We might wish to save the combined data frame to a new CSV file.
write.csv(combined_all, "combined.csv", row.names=FALSE)
We can use the plotting functions we learned about in M1 to examine this data.
library(ggplot2)
Loading required package: methods
Attaching package: 'ggplot2'
The following object is masked _by_ '.GlobalEnv':
mpg
ggplot(combined_all, aes(x=hp,y=mpg,color=cyl)) + geom_point() + theme_bw()

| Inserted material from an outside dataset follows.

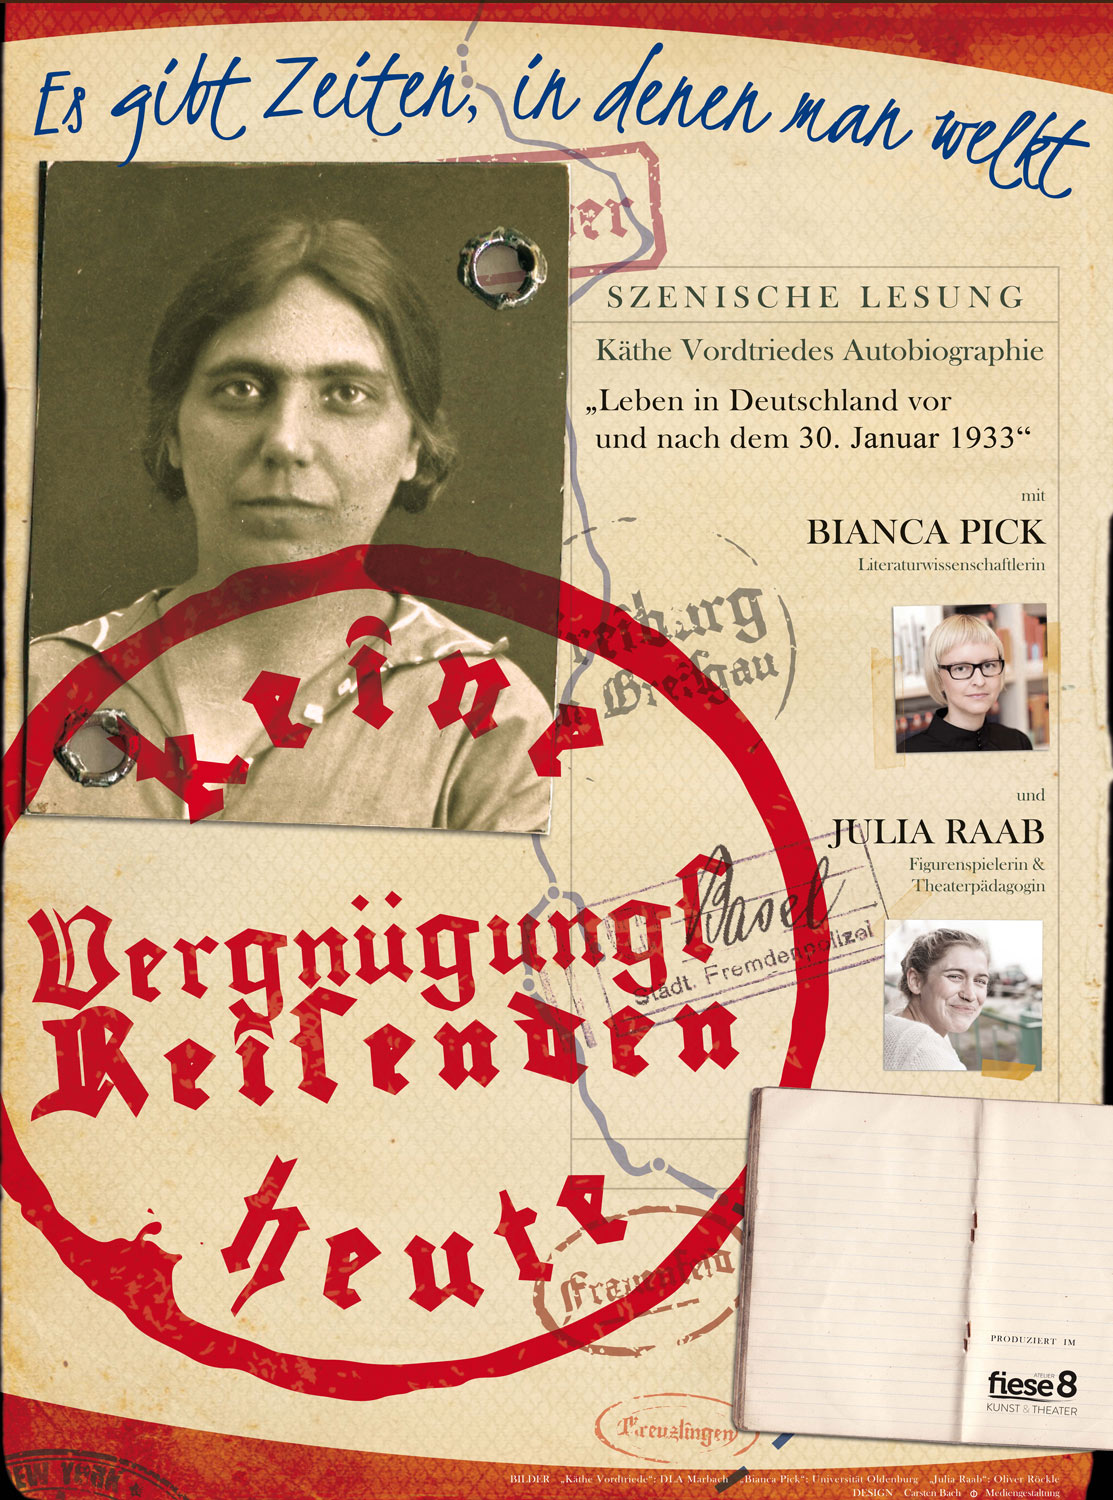 Plakat der szenischen Lesung 'Es gibt Zeiten, in denen man welkt' von Figurenspielerin Julia Raab & Literaturwissenschaftlerin Bianca Pick über die gleichnamige Autobiographie von Käthe Vordtriede.

Warning: Removed 2 rows containing missing values (geom_point).
Sorting data
Suppose we wanted to order rows, for example by number of cylinders. The sort
function sorts a vectors, so we could:
sort(combined_all$cyl)
[1] 4 4 4 4 4 4 4 4 4 4 4 6 6 6 6 6 6 6 8 8 8 8 8 8 8 8 8 8 8 8 8 8
However we don’t just want a sorted version of this column, we want all the columns. The order
function gives the order required to sort a vector:
order(combined_all$cyl)
[1] 5 9 10 12 16 20 21 28 29 30 32 8 13 18 19 22 23 31 1 2 3 4 6
[24] 7 11 14 15 17 24 25 26 27
So we can use this to sort the data frame:
combined_all[ order(combined_all$cyl), ]
make cyl disp hp drat wt qsec vs am gear carb mpg
5 Datsun 710 4 108.0 93 3.85 2.320 18.61 1 1 4 1 22.8
9 Fiat 128 4 78.7 66 4.08 2.200 19.47 1 1 4 1 32.4
10 Fiat X1-9 4 79.0 66 4.08 1.935 18.90 1 1 4 1 27.3
12 Honda Civic 4 75.7 52 4.93 1.615 18.52 1 1 4 2 30.4
16 Lotus Europa 4 95.1 113 3.77 1.513 16.90 1 1 5 2 30.4
20 Merc 230 4 140.8 95 3.92 3.150 22.90 1 0 4 2 22.8
21 Merc 240D 4 146.7 62 3.69 3.190 20.00 1 0 4 2 24.4
28 Porsche 914-2 4 120.3 91 4.43 2.140 16.70 0 1 5 2 26.0
29 Toyota Corolla 4 71.1 65 4.22 1.835 19.90 1 1 4 1 33.9
30 Toyota Corona 4 120.1 97 3.70 2.465 20.01 1 0 3 1 21.5
32 Volvo 142E 4 121.0 109 4.11 2.780 18.60 1 1 4 2 21.4
8 Ferrari Dino 6 145.0 175 3.62 2.770 15.50 0 1 5 6 19.7
13 Hornet 4 Drive 6 258.0 110 3.08 3.215 19.44 1 0 3 1 21.4
18 Mazda RX4 6 160.0 110 3.90 2.620 16.46 0 1 4 4 NA
19 Mazda RX4 Wag 6 160.0 110 3.90 2.875 17.02 0 1 4 4 21.0
22 Merc 280 6 167.6 123 3.92 3.440 18.30 1 0 4 4 19.2
23 Merc 280C 6 167.6 123 3.92 3.440 18.90 1 0 4 4 17.8
31 Valiant 6 225.0 105 2.76 3.460 20.22 1 0 3 1 18.1
1 AMC Javelin 8 304.0 150 3.15 3.435 17.30 0 0 3 2 15.2
2 Cadillac Fleetwood 8 472.0 205 2.93 5.250 17.98 0 0 3 4 10.4
3 Camaro Z28 8 350.0 245 3.73 3.840 15.41 0 0 3 4 13.3
4 Chrysler Imperial 8 440.0 230 3.23 5.345 17.42 0 0 3 4 14.7
6 Dodge Challenger 8 318.0 150 2.76 3.520 16.87 0 0 3 2 15.5
7 Duster 360 8 360.0 245 3.21 3.570 15.84 0 0 3 4 14.3
11 Ford Pantera L 8 351.0 264 4.22 3.170 14.50 0 1 5 4 15.8
14 Hornet Sportabout 8 360.0 175 3.15 3.440 17.02 0 0 3 2 18.7
15 Lincoln Continental 8 460.0 215 3.00 5.424 17.82 0 0 3 4 10.4
17 Maserati Bora 8 301.0 335 3.54 3.570 14.60 0 1 5 8 15.0
24 Merc 450SE 8 275.8 180 3.07 4.070 17.40 0 0 3 3 NA
25 Merc 450SL 8 275.8 180 3.07 3.730 17.60 0 0 3 3 17.3
26 Merc 450SLC 8 275.8 180 3.07 3.780 18.00 0 0 3 3 15.2
27 Pontiac Firebird 8 400.0 175 3.08 3.845 17.05 0 0 3 2 19.2
Challenge
Show the top 5 best cars in terms of miles-per-gallon. (Look at the documentation for order to see how to sort in descending order, ?order
)
What does order do with missing values (NA)?